I had this for dinner (on the road) one night and for lunch the next day. It was great both days and kept very well in the refrigerator.
Tier One skinny jeans, here I come!
Here's the recipe:
Asparagus and Goat Cheese Quinoa
For the Quinoa
- 1 cup quinoa, prepared to package instructions and fluffed with a fork
- 1 bunch asparagus, trimmed and cut into bite size pieces
- Salt and Pepper
- 2 lemons (the zest of one lemon and the juice of roughly two, depending on taste)
- 5 ounces chevre goat cheese
For the Vinaigrette
- 1 tablespoon Dijon mustard
- 1 garlic clove, grated over a microplane grater (or minced very, very fine)
- 1 tablespoon Balsamic vinegar
- 1 teaspoon honey
- 3 tablespoons Olive oil
- Bring some salted water to a boil and add asparagus. Cook for three minutes, until bright green but still crisp. Drain and add to a medium sized bowl. Season with salt and pepper and the zest of one lemon. Add the juice of one lemon and toss to combine.

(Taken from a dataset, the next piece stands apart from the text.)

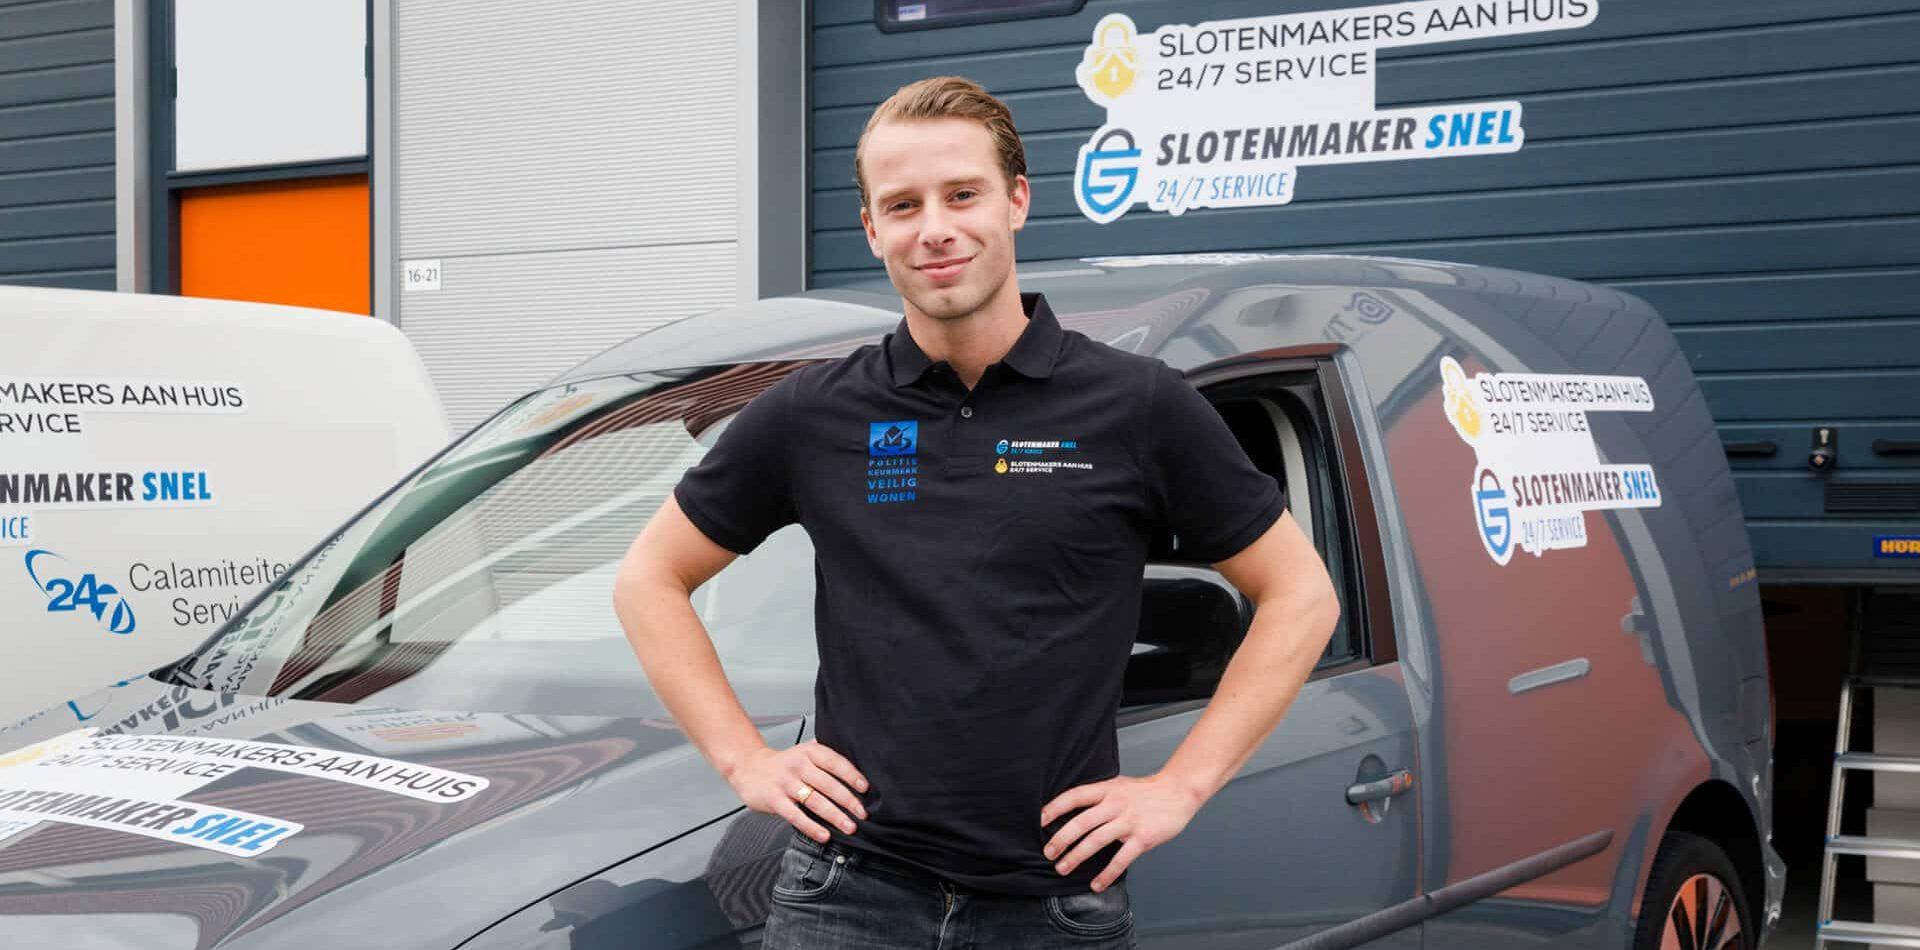 Slotenmaker Heerhugowaard

- Prepare quinoa according to package instructions. When cooked, fluff with a fork and add to the asparagus. Add the goat cheese in pieces and combine. The warm quinoa should melt the goat cheese and make it creamy.
- While the quinoa is cooking, make the vinaigrette. Whisk mustard, garlic, Balsamic, and honey together. Whisking constantly, add olive oil until creamy and fully emulsified.
- Taste for seasonings and adjust accordingly. I found I wanted it to be a little more lemony, so I added the juice of another lemon just to brighten it all up. Serve as a light dinner or yummy lunch.